Allen's disdainful perspective toward the south is more clearly illuminated when Melodie's parents come into the picture. Allen uses these characters as a gateway towards attacking what he seems to view as the southern Christian theocracy--- all bible thumping, sexually repressed gun nuts just waiting to come to the big city so they can shed their 'traditional' skin and become the promiscuous amoral sluts they were always were on the inside. Allen isn't suggesting that one should simply be who they are--- he's saying that one way of life is qualitatively better than the other. His titular slogan and philosophy, endorsed by Larry David's Boris Yellnikoff, is one of amorality and apathy--- fuck a sheep, cheat on your wife, marry this person while you're sleeping with someone else, whatever--- there's no God, no consequences, nothing... and that's what Allen's so-called 'statement' ultimately amounts to. Like Deconstructing Harry without the deconstruction, Whatever Works embraces Boris' hateful world-view instead of transcending it.

Woody Allen will always be one of the greats, but his later work reflects his apathy toward audiences--- the overriding impression I got from Whatever Works was that the man simply doesn't care anymore.

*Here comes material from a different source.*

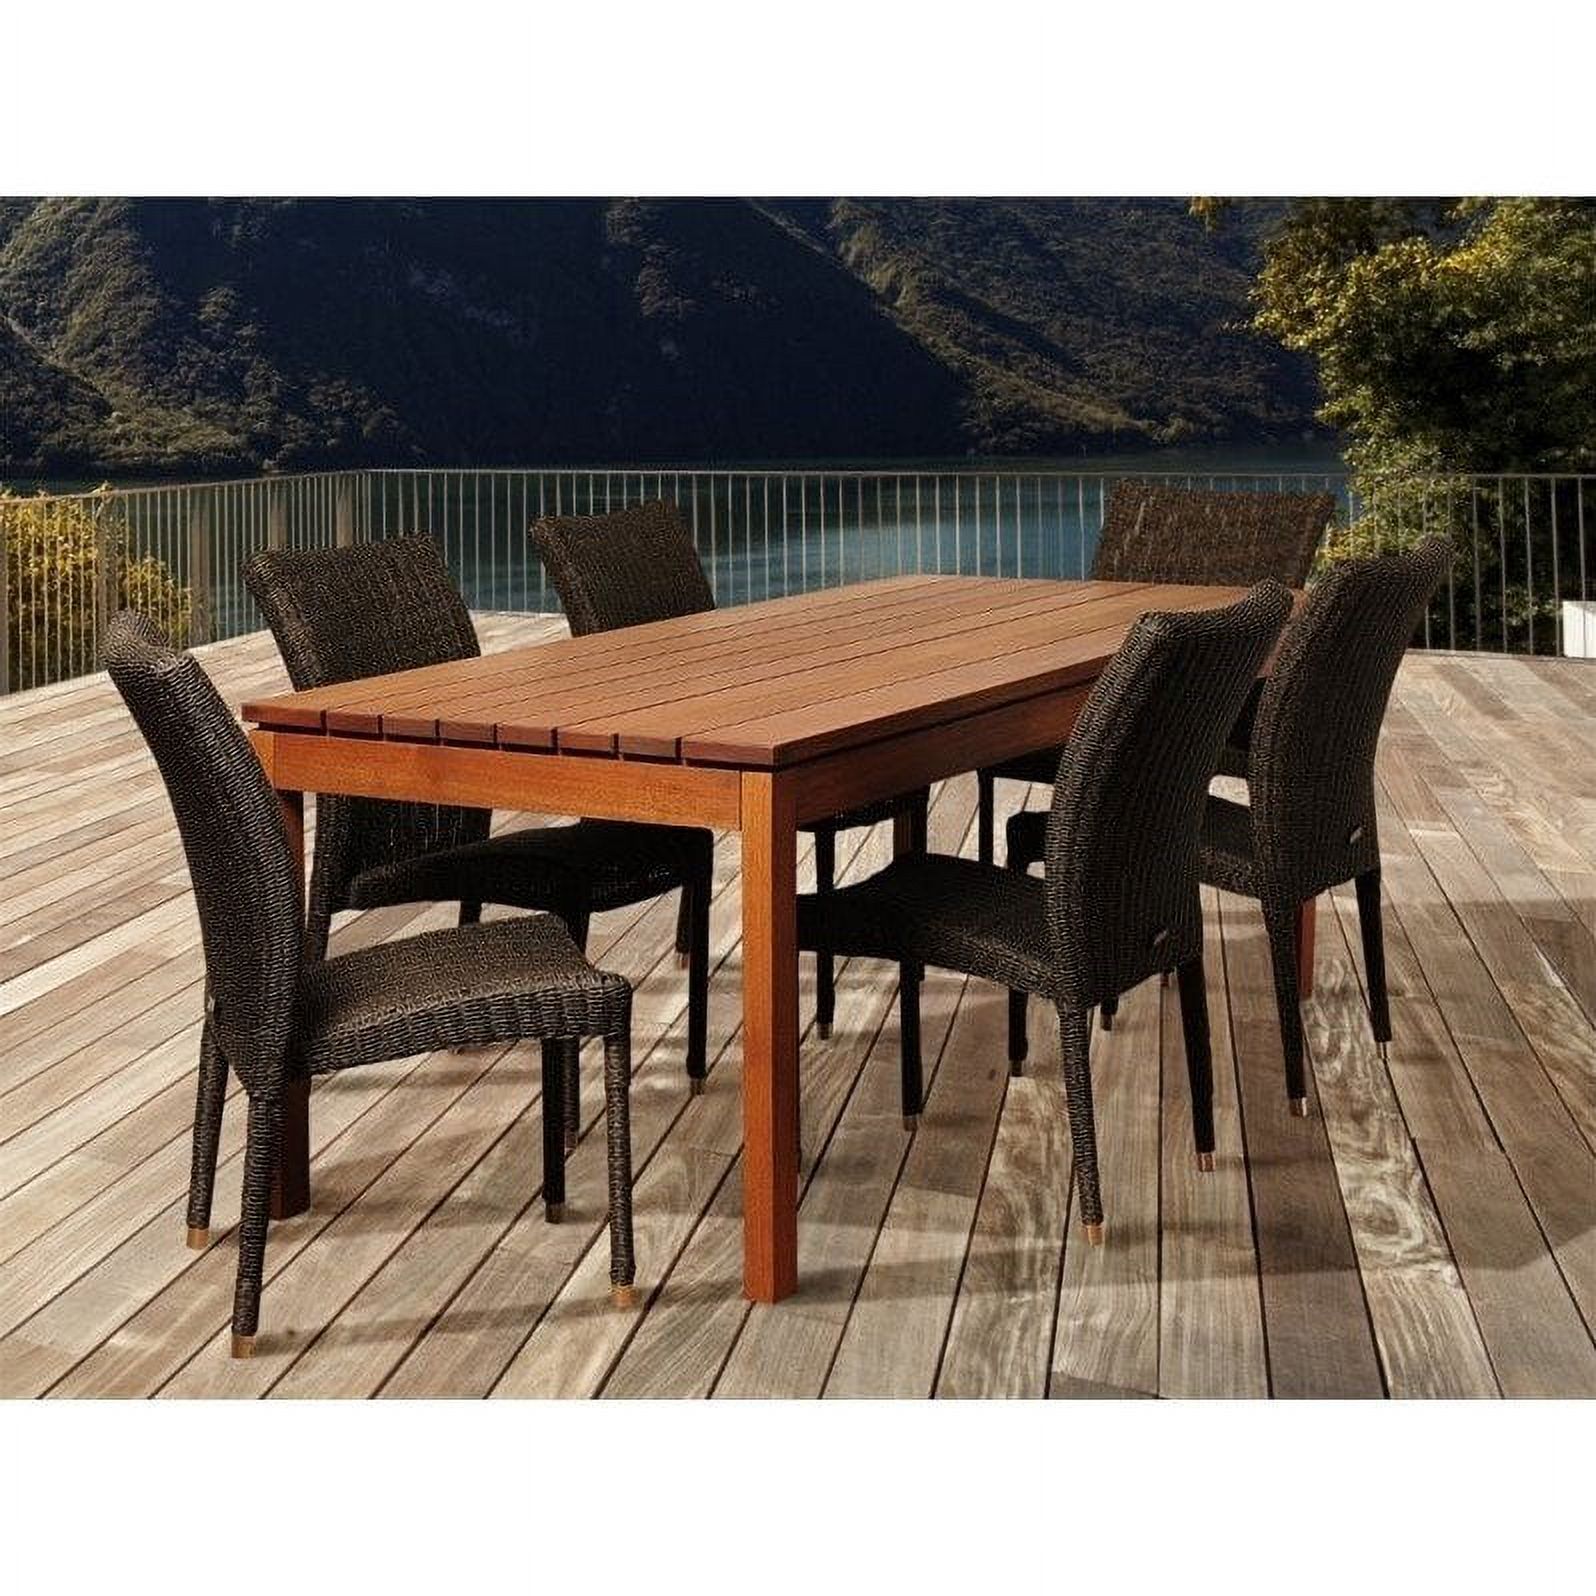 Amazonia Jamison 7-Piece 100% FSC Solid Wood and Eco-Friendly Wicker Rectangular Patio Dining Set - image 1 of 14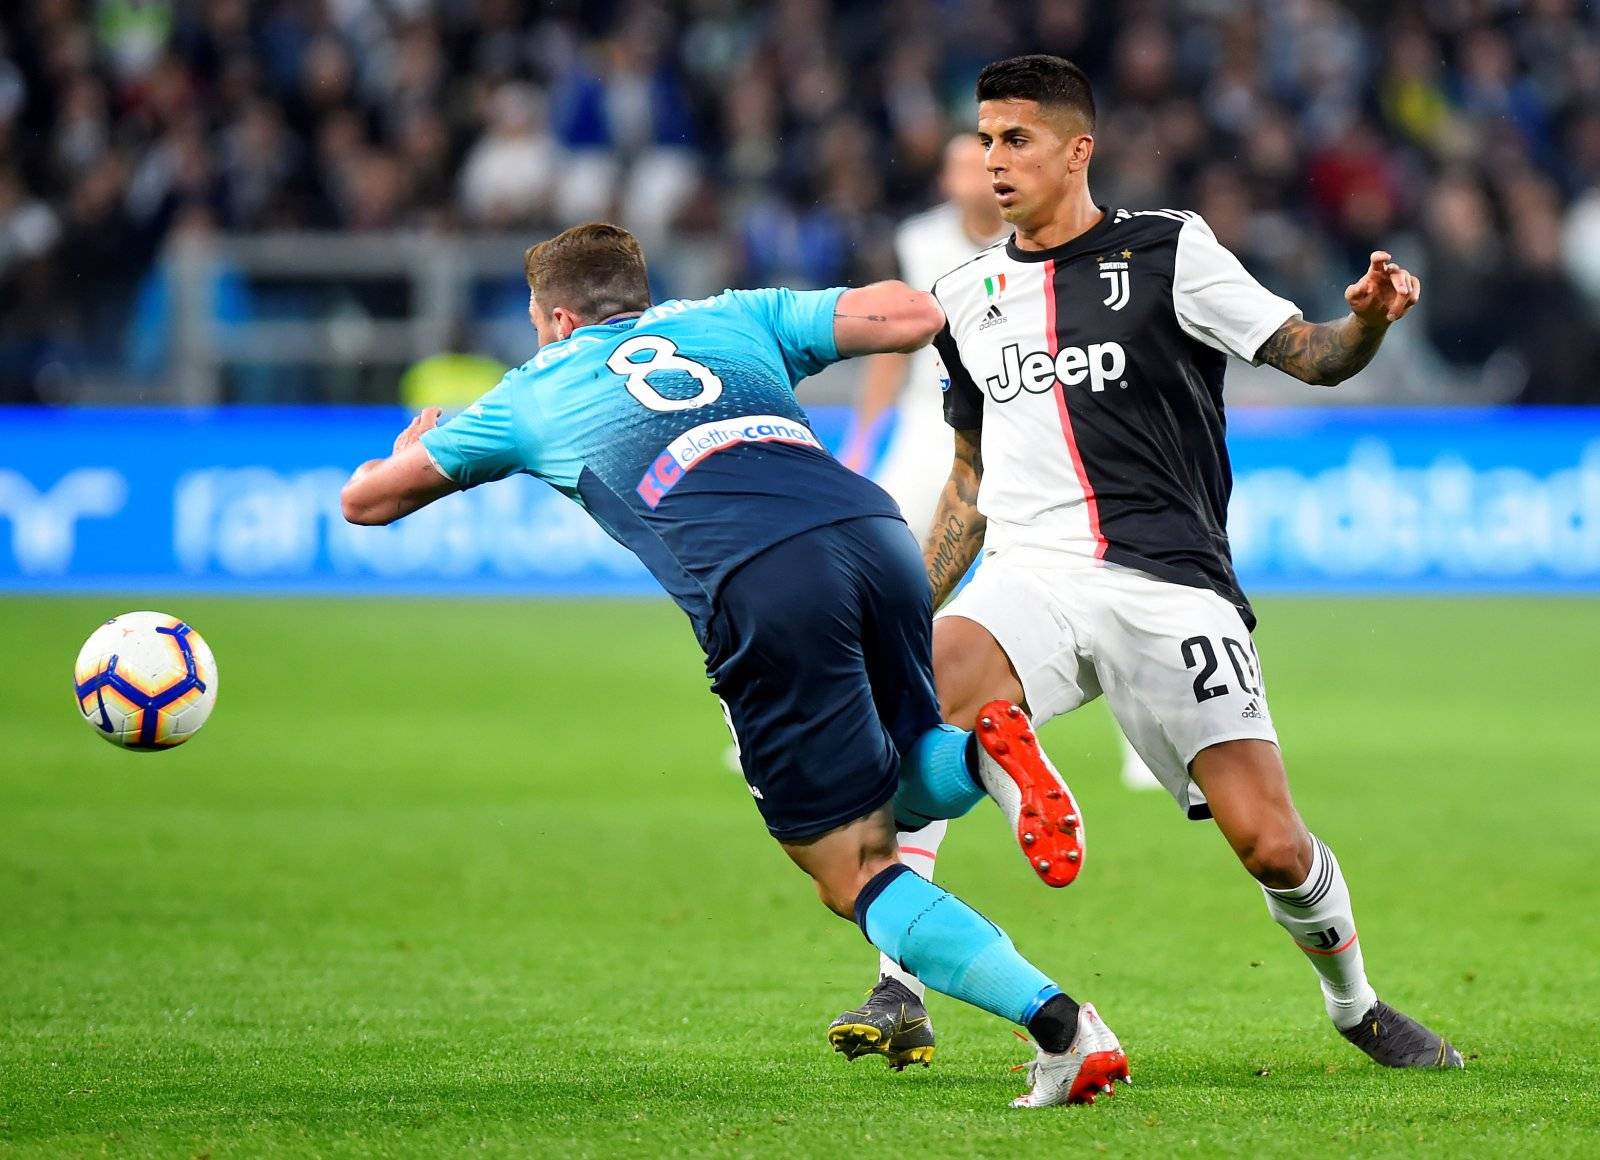 Manchester City: Joao Cancelo's possible arrival depends on Danilo's future - Manchester City

This is the time for Allen to grow as an artist--- a film maker's later years are often among their richest, but Allen is content to remain stagnant; I don't want to see him making the same movie he was making 30 years ago, I want to know how a man in his 70s, whose fear of death is legendary, feels about getting older and dying. But Allen is content to pander to his inclusive fan base and half-heartedly tell the same story has been telling most of his career, only there was a time when he told this kind of story effectively. Instead of expanding upon the themes that defined him as one of America's most idiosyncratic auteurs, Allen has indulged his worst assumptions about humanity, and Whatever Works is the unfortunate result.